WHAT TO WORK ON:
In the entries that follow, find the line containing "Voyages d'Ibn Batoutah" and the line containing "347 East 53rd", then copy exactly everything from the first through the second except the pictures.

RAW DATA:
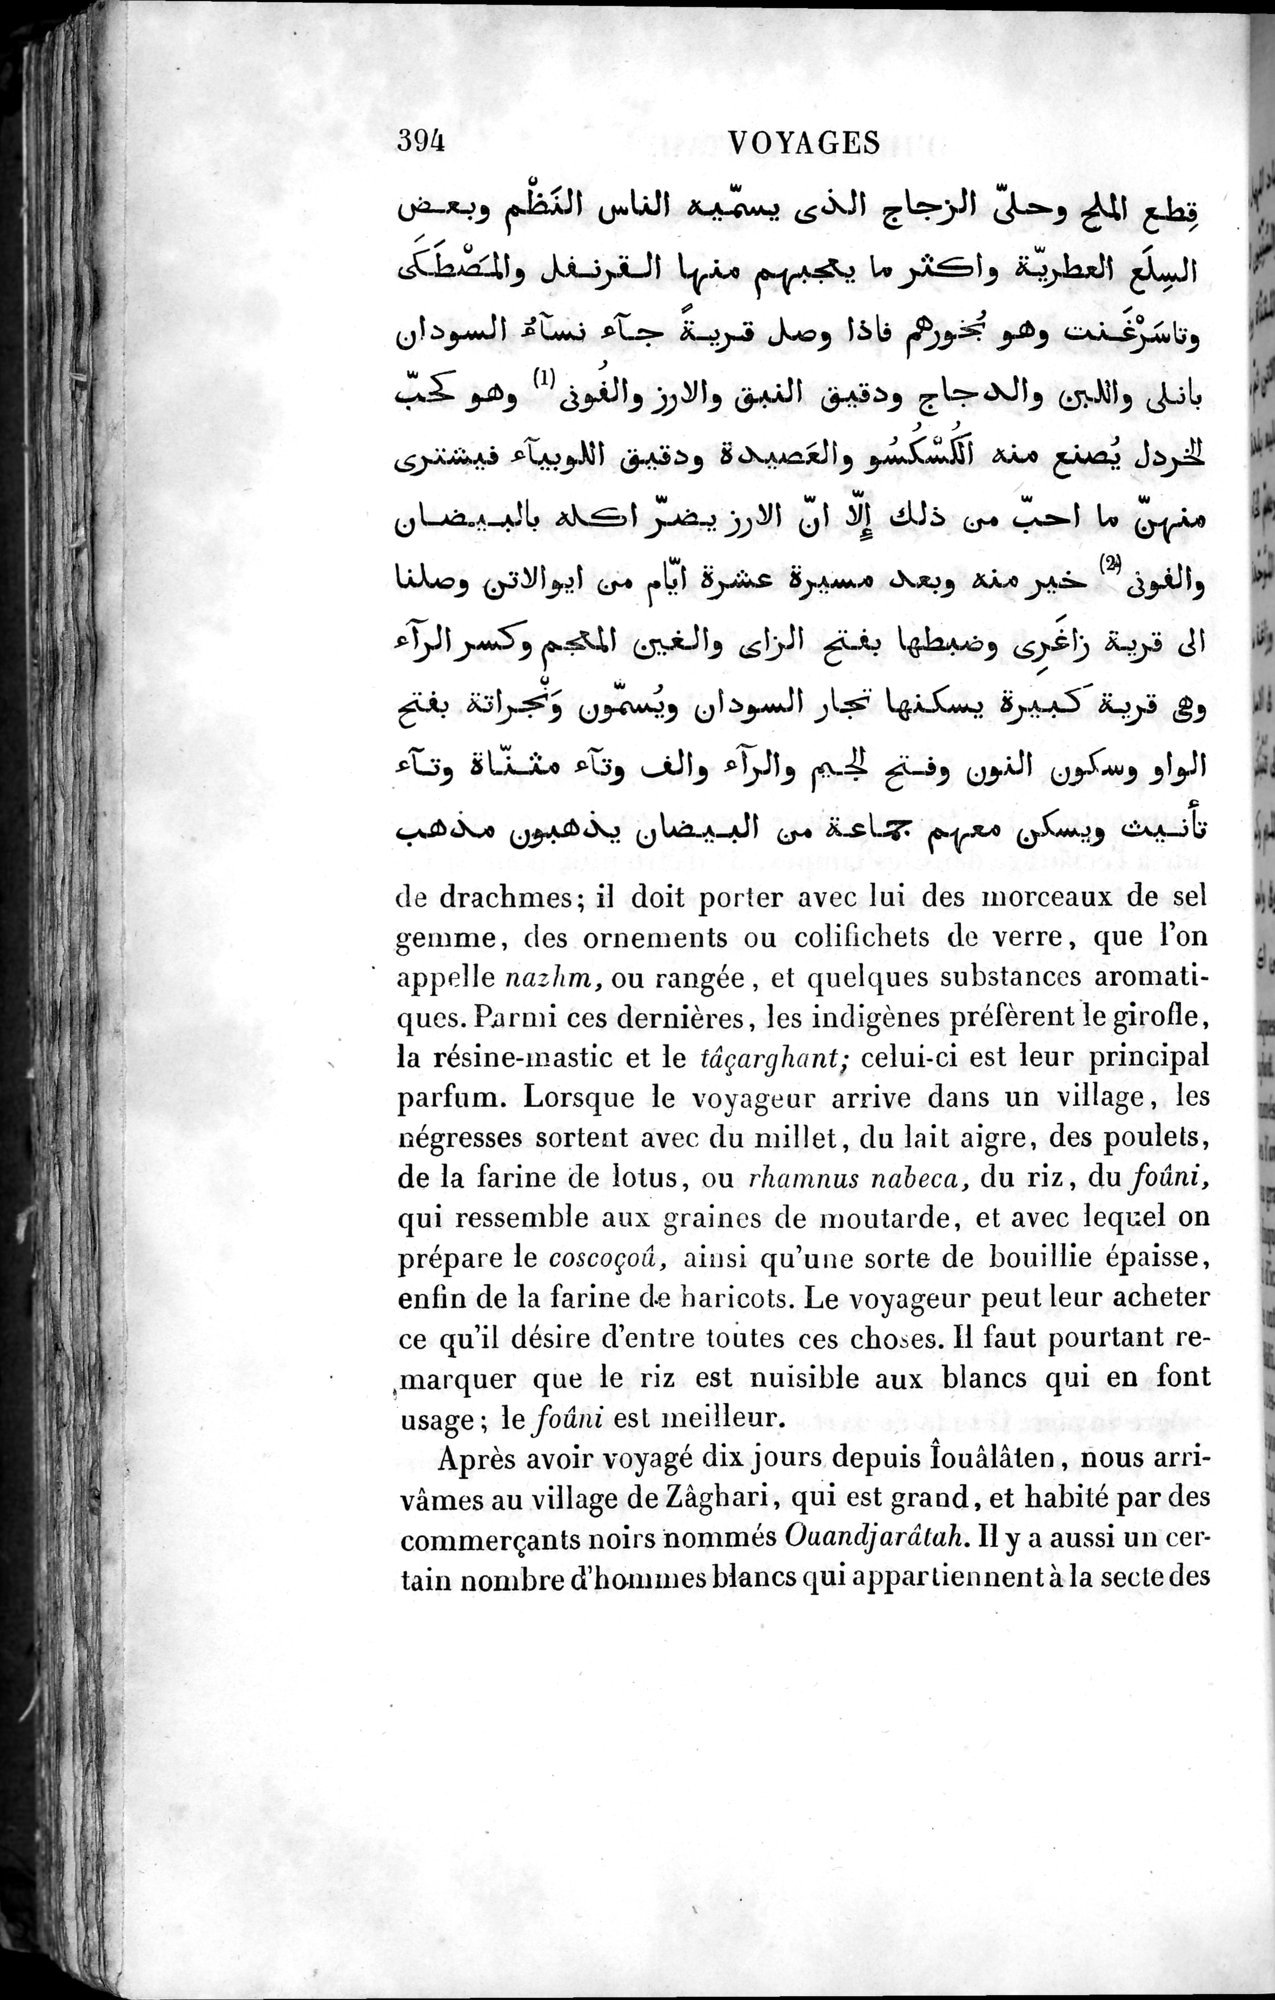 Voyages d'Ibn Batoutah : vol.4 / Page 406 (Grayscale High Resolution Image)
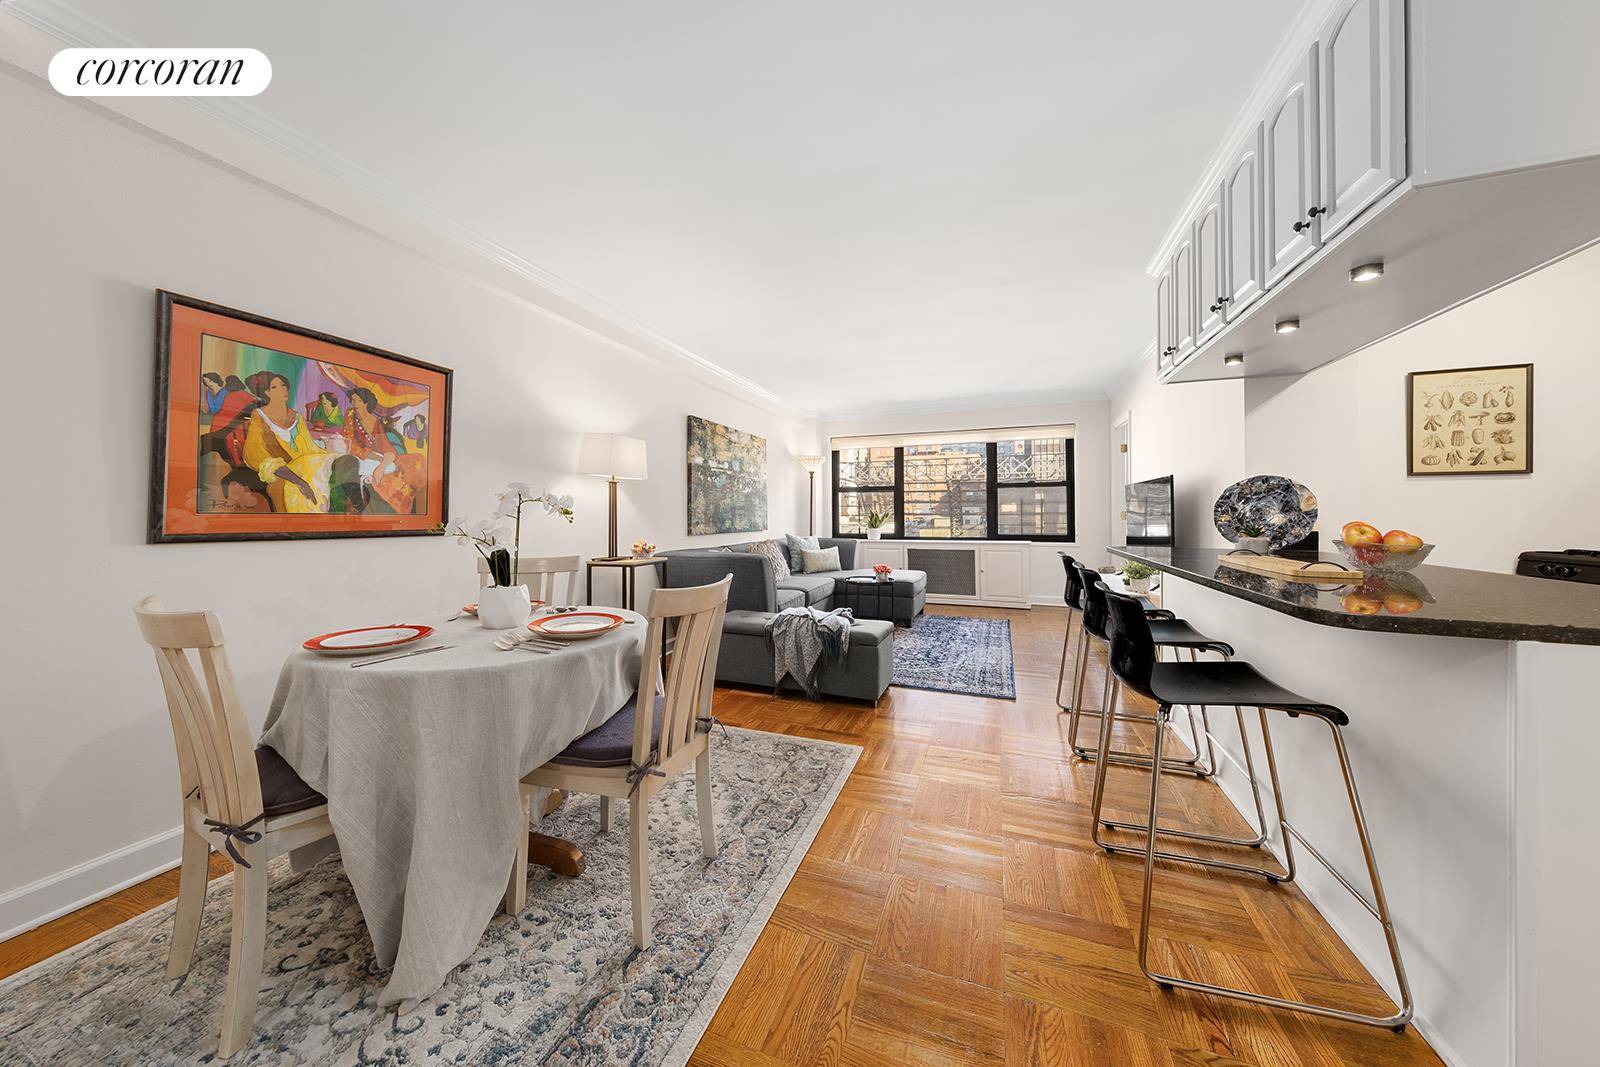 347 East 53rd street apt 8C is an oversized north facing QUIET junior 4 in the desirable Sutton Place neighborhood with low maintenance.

--

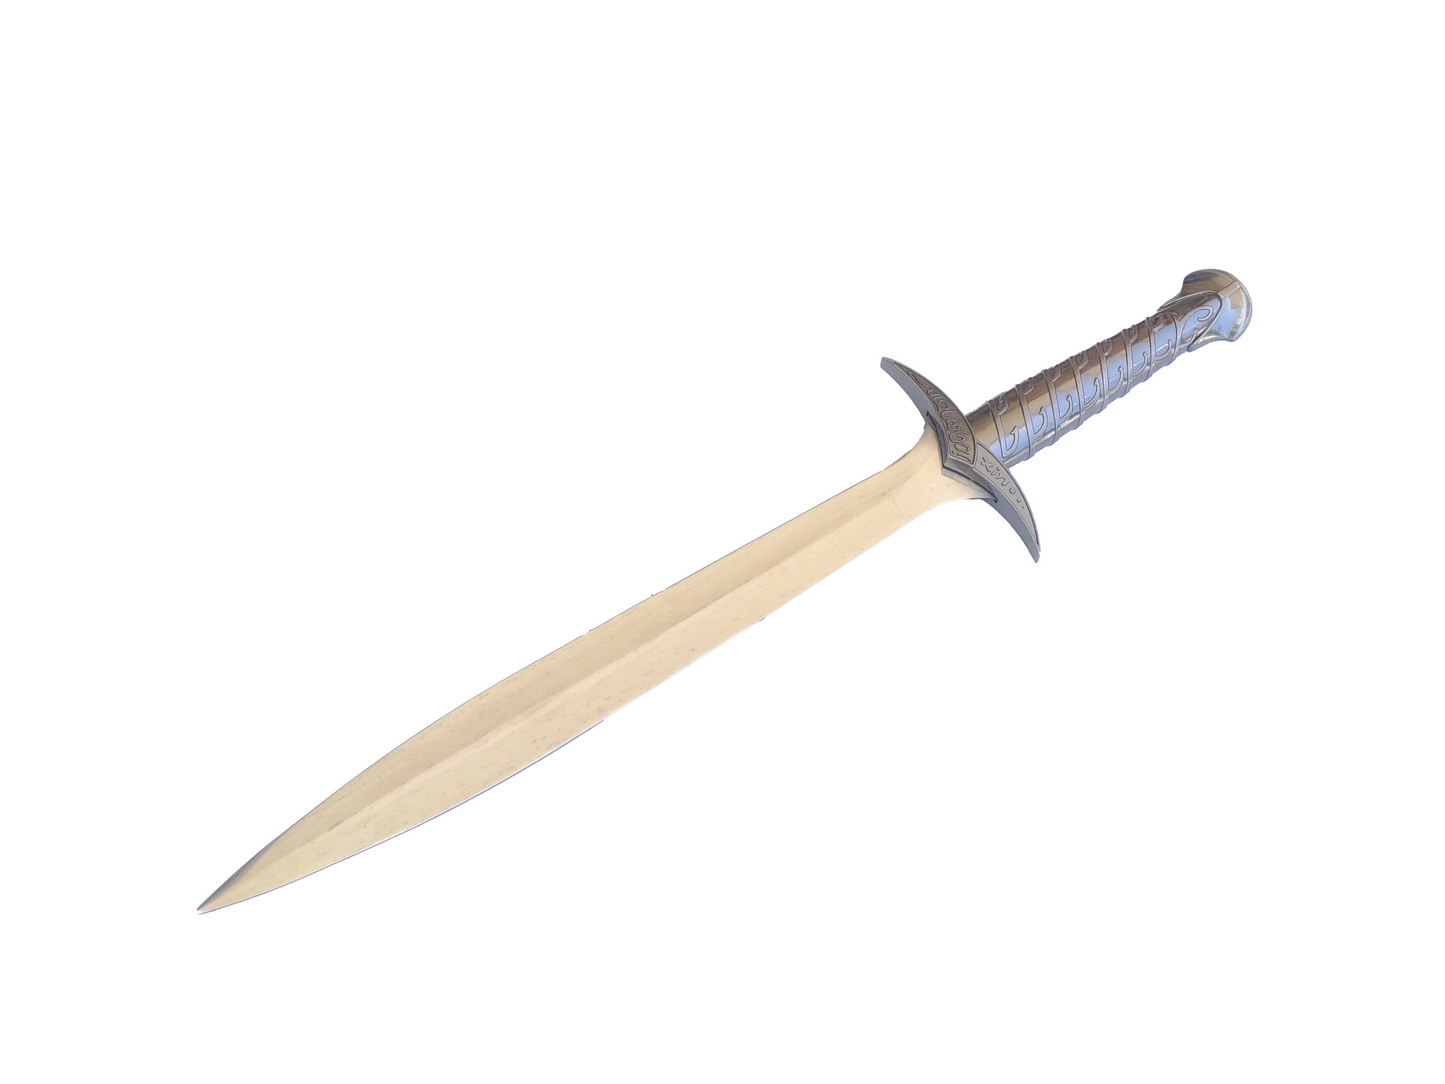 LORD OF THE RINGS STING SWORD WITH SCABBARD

RESULT FOR THIS TASK:
 Voyages d'Ibn Batoutah : vol.4 / Page 406 (Grayscale High Resolution Image)
 347 East 53rd street apt 8C is an oversized north facing QUIET junior 4 in the desirable Sutton Place neighborhood with low maintenance.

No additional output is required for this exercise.